YOUR TASK
Would you transcribe the whole listing exactly, minus its pictures?

SOURCE MATERIAL
-- Opening Marker --
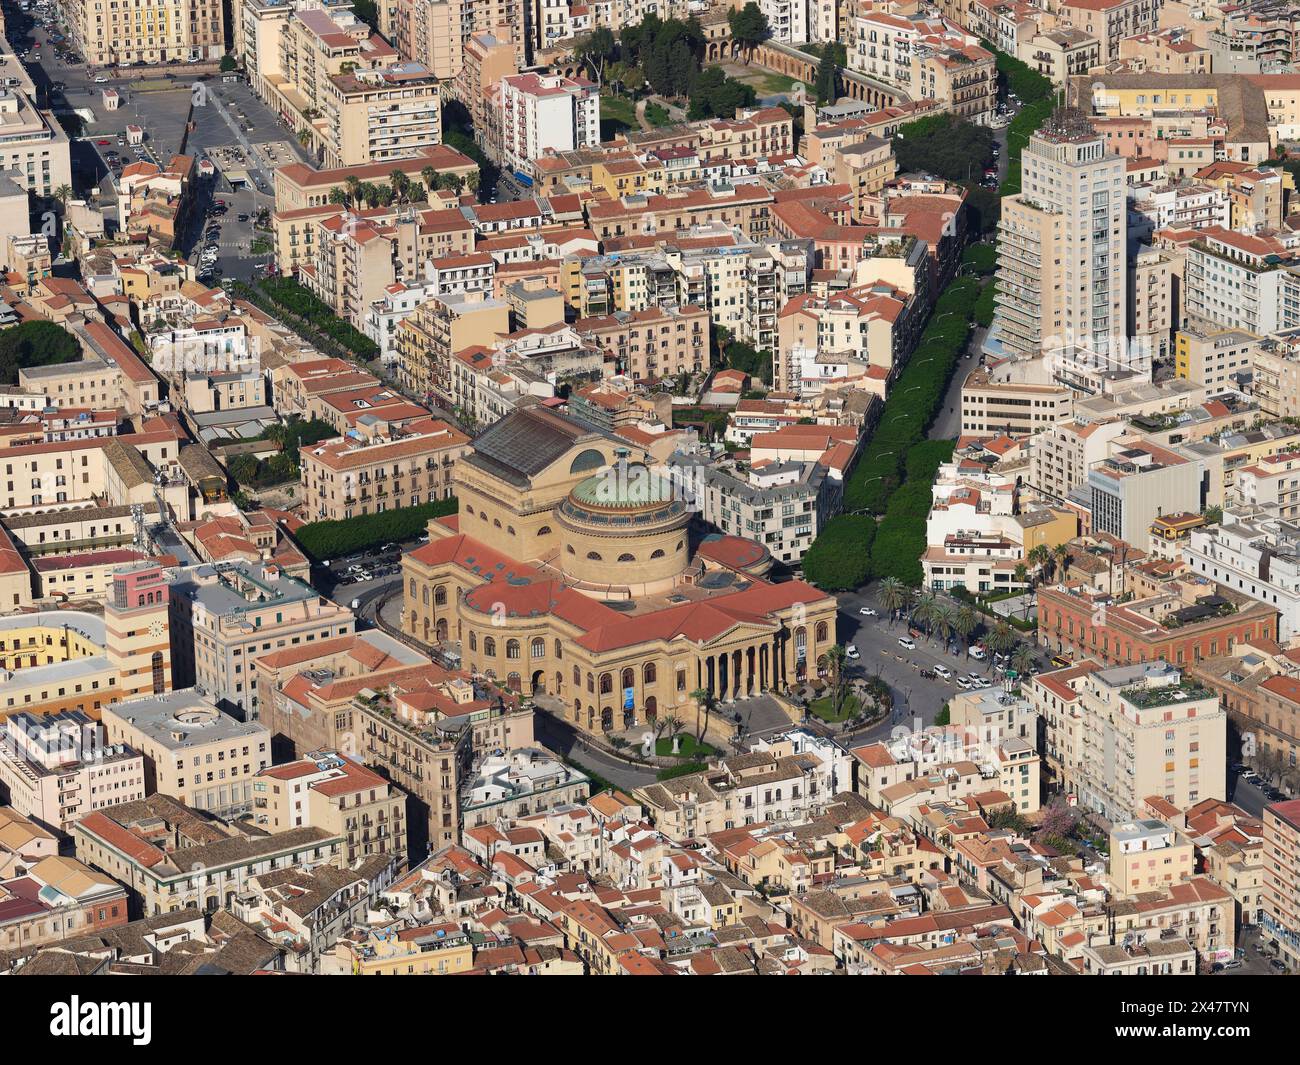 LUFTAUFNAHME. Die Kathedrale von Palermo, ein UNESCO-Weltkulturerbe. Provinz Palermo, Sizilien, Italien. Stockfoto
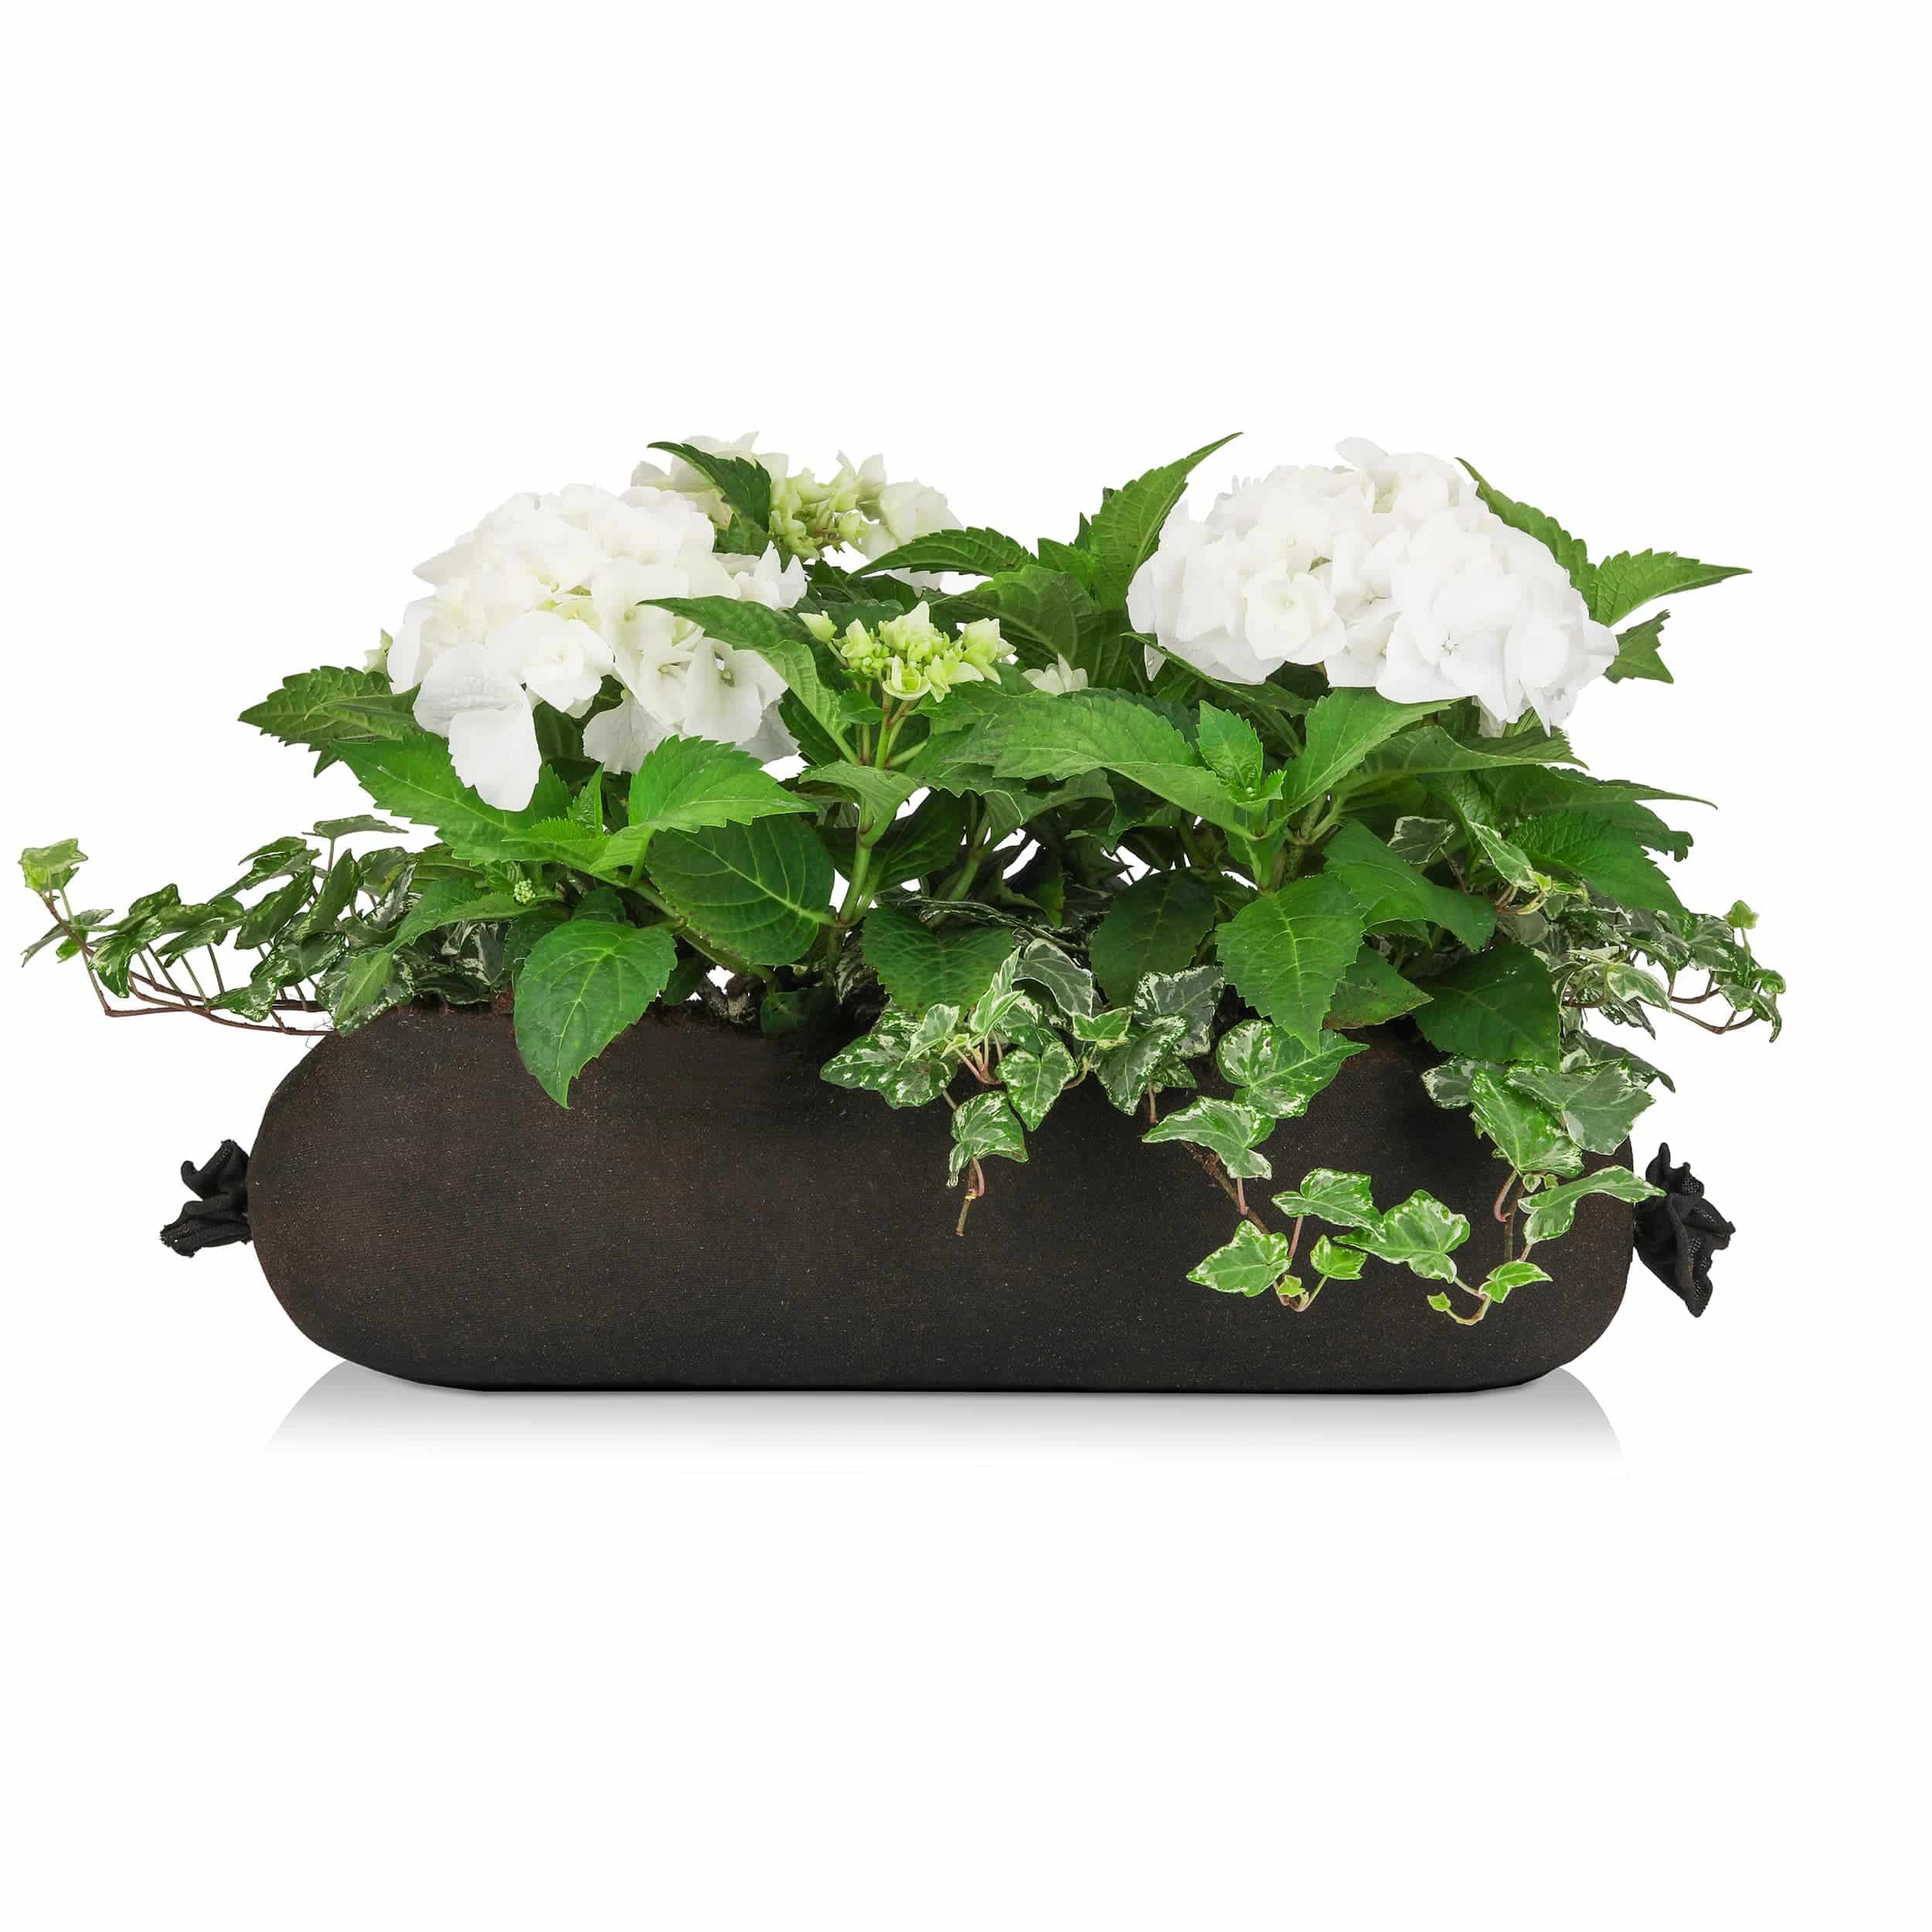 Hortensien-Bag 'Schattenkönigin' 50 cm weiß/grün Halbschatten
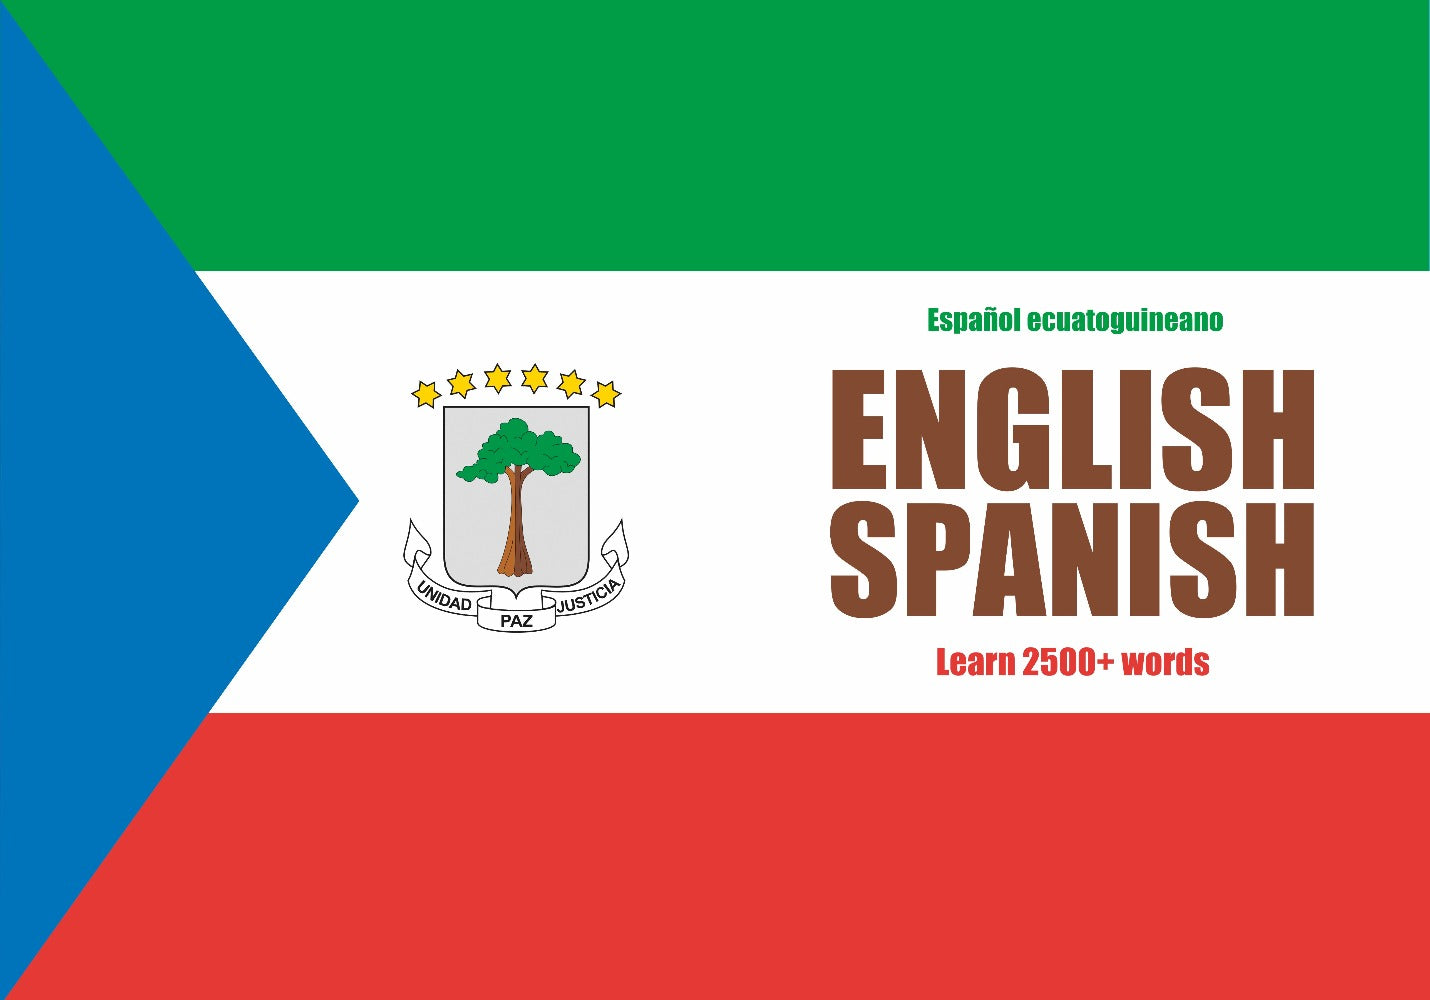 Equatoguinean Spanish language notebook cover
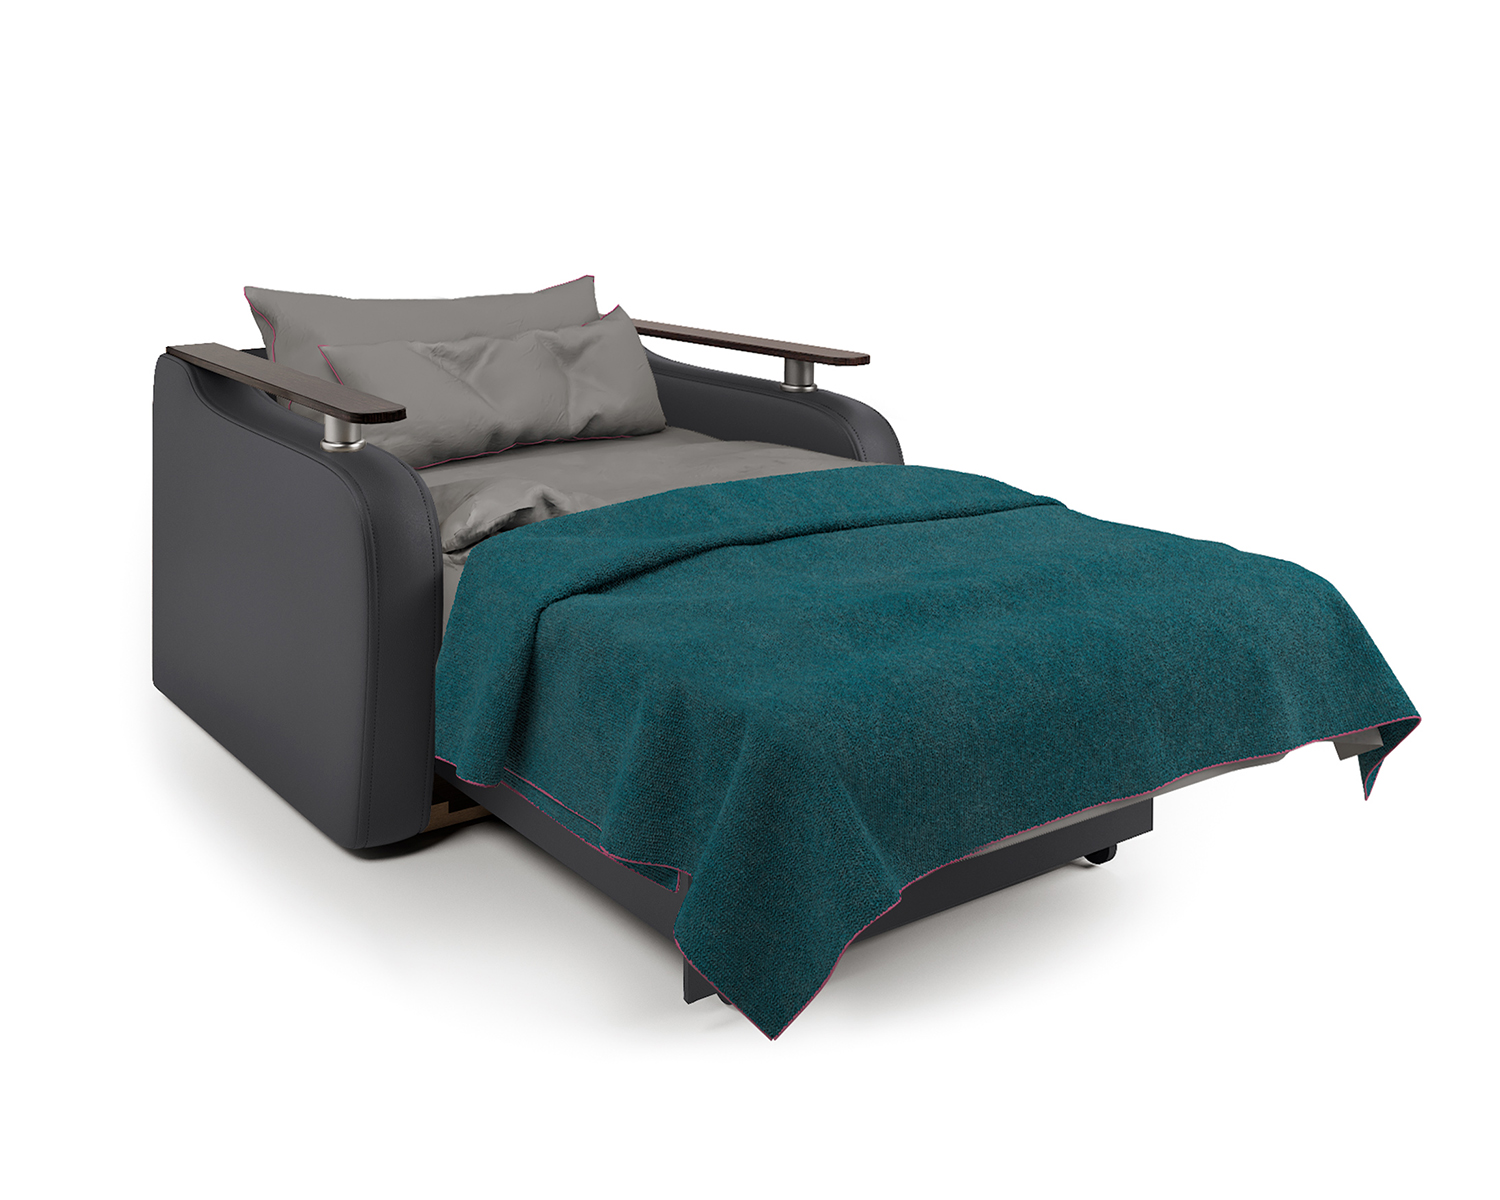 Кресло-кровать Шарм-Дизайн Гранд Д 33070742, экокожа черная и серый шенилл/бук
-- Closing Marker --
YOUR RESPONSE
 LUFTAUFNAHME. Die Kathedrale von Palermo, ein UNESCO-Weltkulturerbe. Provinz Palermo, Sizilien, Italien. Stockfoto
 Hortensien-Bag 'Schattenkönigin' 50 cm weiß/grün Halbschatten
 Equatoguinean Spanish language notebook cover
 Кресло-кровать Шарм-Дизайн Гранд Д 33070742, экокожа черная и серый шенилл/бук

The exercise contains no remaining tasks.